Wilmar Lacerda é uma figura conhecida na política do Distrito Federal. Em sua trajetória, ocupou o cargo de chefe de gabinete da liderança do PT no Senado e também foi suplente do ex-senador Cristovam Buarque. Em 2017, o político esteve envolvido em outra investigação relacionada ao favorecimento da prostituição de menores. Na ocasião, Lacerda foi acusado de manter relações com uma jovem de 17 anos em troca de lanches. O caso foi amplamente repercutido, e, devido à denúncia, Cristovam Buarque suspendeu seu licenciamento no Senado, evitando que Lacerda assumisse a função de senador.

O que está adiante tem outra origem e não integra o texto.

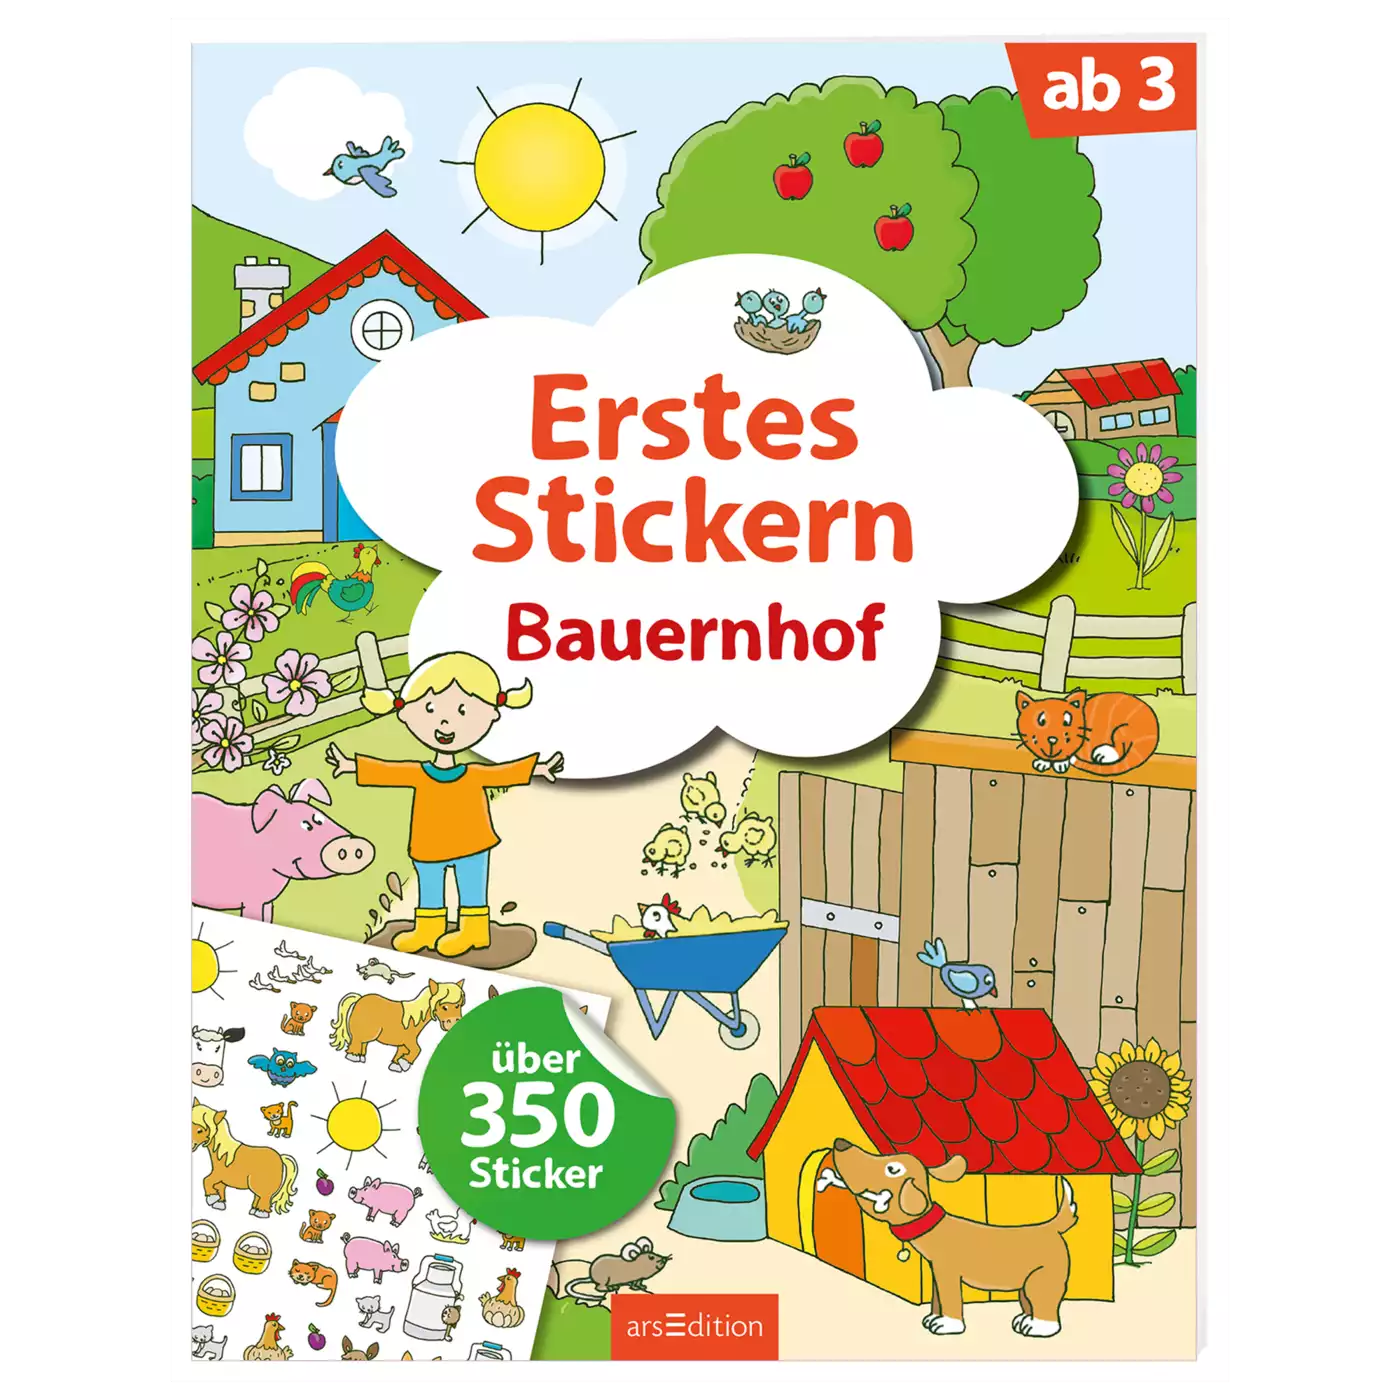 Erstes Stickern Bauernhof arsEdition 2000571971608 1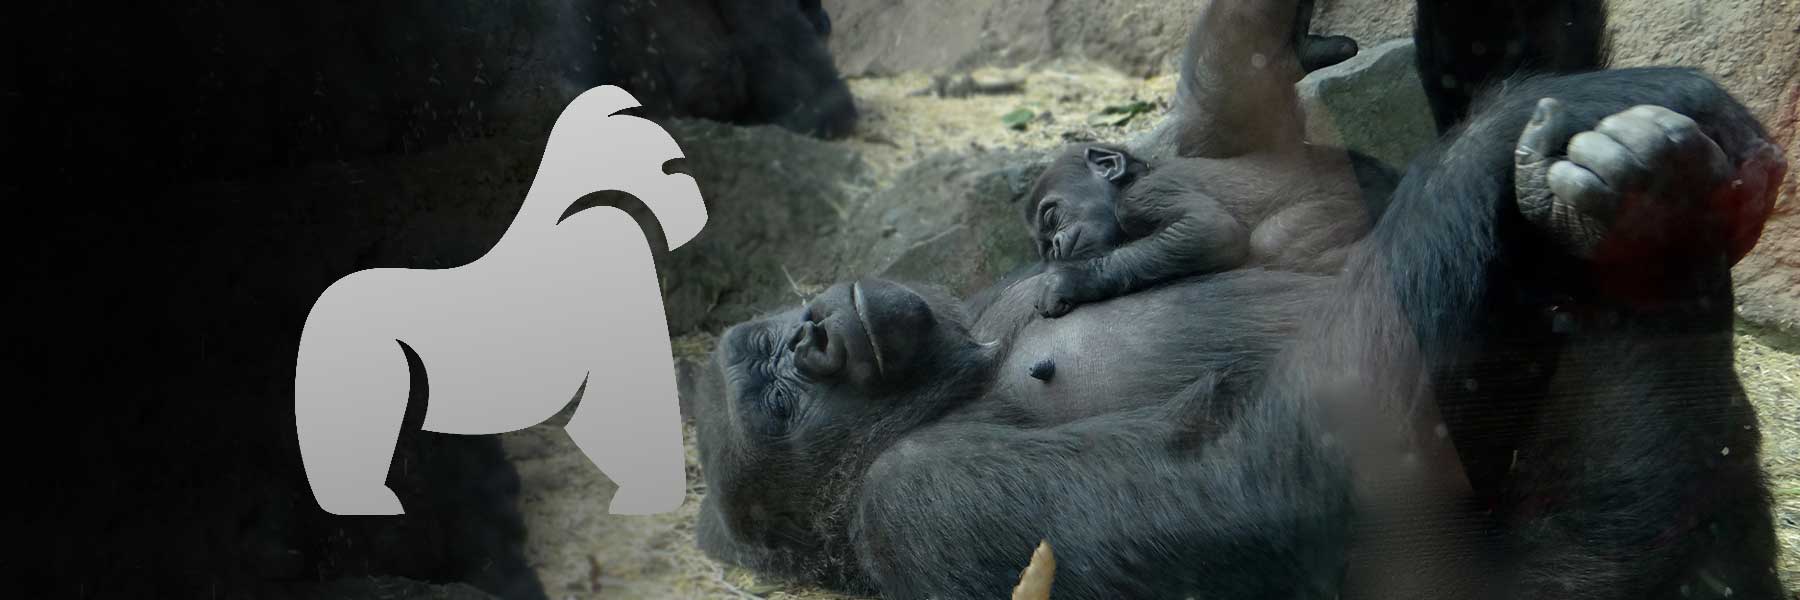 gorilla-gesund-wussten-sie-wie-gorillas-schlafen-600x600

A prisão do vice-presidente do PT-DF lança uma nova luz sobre seu histórico de acusações envolvendo menores, trazendo à tona questões delicadas e potencialmente devastadoras para sua carreira política. O Partido dos Trabalhadores, até o momento, não se manifestou oficialmente sobre o caso, mas a situação coloca o partido em uma posição complicada em um período já marcado por discussões políticas acirradas no país.
A Delegacia de Proteção à Criança e ao Adolescente informou que o processo de investigação se aprofundará nos próximos dias, analisando o conteúdo apreendido no celular de Lacerda, com o intuito de obter provas adicionais. Enquanto isso, ele permanece sob custódia, aguardando novos desdobramentos do processo judicial.